On ne répond pas tout de suite à Bucky. Steve bredouille, las : « une pneumonie ». Son ami chancelle. L' inquiétude lui échappe sans qu'il ne soit prêt, aussitôt qu'elle est née, comme une anguille. « Eh. » claque la voix de Steve, qui le ramène à terre. D'accord, d'accord. Pas de panique. C'est pas parce que c'est la troisième cause de décès cette année que ton ami malingre va y passer lui aussi, hein ?

« Deux semaines. Merde. Ça s'améliore ? Ça fait mal ? »

Steve hausse les épaules. Avec lui, rien ne fait jamais mal.

« Un peu. Comme si j'avais des tiges qui poussaient dans les poumons et la gorge. »

Bucky grimace. Steve lève les yeux au ciel. Il a l'habitude de son corps misérable, il a confiance en tous les efforts de son organisme pour se réparer, même si cette activité interne lui donne une fièvre étourdissante et l'abrutit plus longtemps que les autres. 

« Tu as pris du super sérum ?

- Hein ?

- De l'adrénaline !

- Ah. Oui, non, rit-il. Ça ne soigne pas ça. »
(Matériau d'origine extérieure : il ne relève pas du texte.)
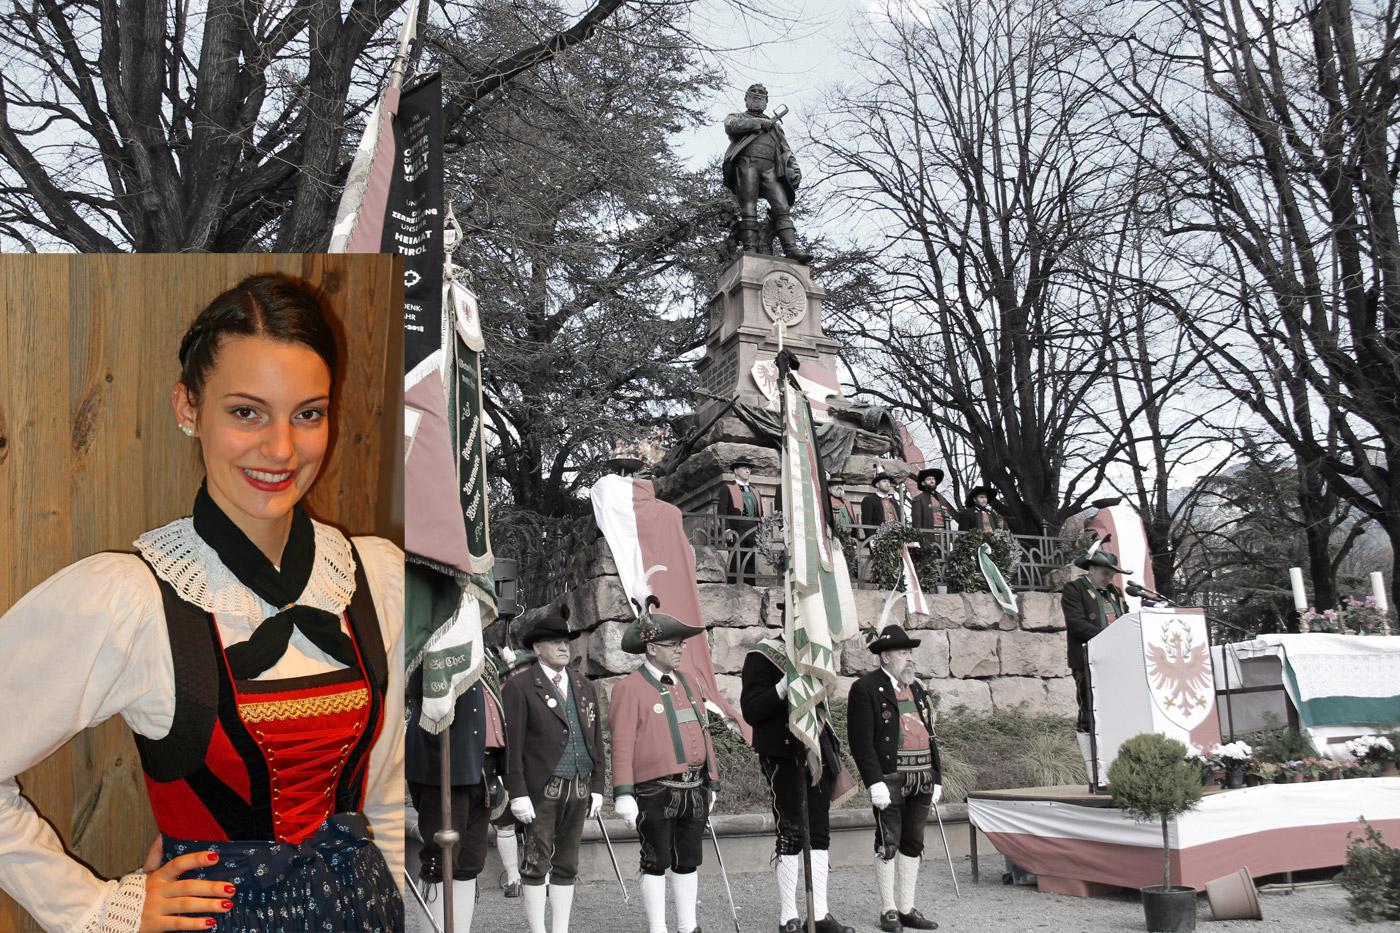 Aufruf zur Teilnahme an der Andreas-Hofer-Landesfeier

D'une voix plus dramatique, il ajoute, pensif :

« C'est le bout de la ligne, Bucky.

- Oh, ne dis pas ça ! glapit Sarah.

- Crétin ! » 

Steve tire la langue, Bucky tend le poing comme pour une petite bourrade à distance, timidement complice. C'est frustrant d'être si fatigué, mais l'inquiétude écrasante de sa mère, est de loin le plus insupportable, alors il compte bien sur son ami pour dédramatiser.

« Ah oui, j'étais venu apporter ça... prétend-il en remettant à Sarah un cageot de légumes, pour toutes les fois où j'ai dormi chez vous. Dites, vous avez besoin de médicaments ?

- Te soucie pas de ça...

- Tu m'as trouvé des chaussures ?

- Steven !

- Maman, les miennes n'ont presque plus de semelles...

- Eh bien... Tu n'en as pas besoin pour le moment !

- J'en aurai besoin plus tôt que tu ne le pens.. ! »

Mais étouffé par la maladie et l'indignation, il est interrompu par une toux abominable, qui siffle comme ces herbes qu'ils cueillent l'été et pincent entre leurs pouces. Plus jamais Bucky ne supportera ce jeu. Sarah en profite pour escorter Bucky sur le seuil. « Ça ira mieux bientôt, d'accord ? Tu pourras revenir pendant sa convalescence. » Bucky l'entend à peine, les yeux rivés vers le canapé où s'est péniblement redressée la silhouette emmitouflée de son ami. Il a rabattu la couverture par-dessus sa tête, peut-être par pudeur, jeu ou bien frilosité, mais on distingue dans l'ombre son petit visage aux yeux brillants et cernés. Il tend le poing à Bucky.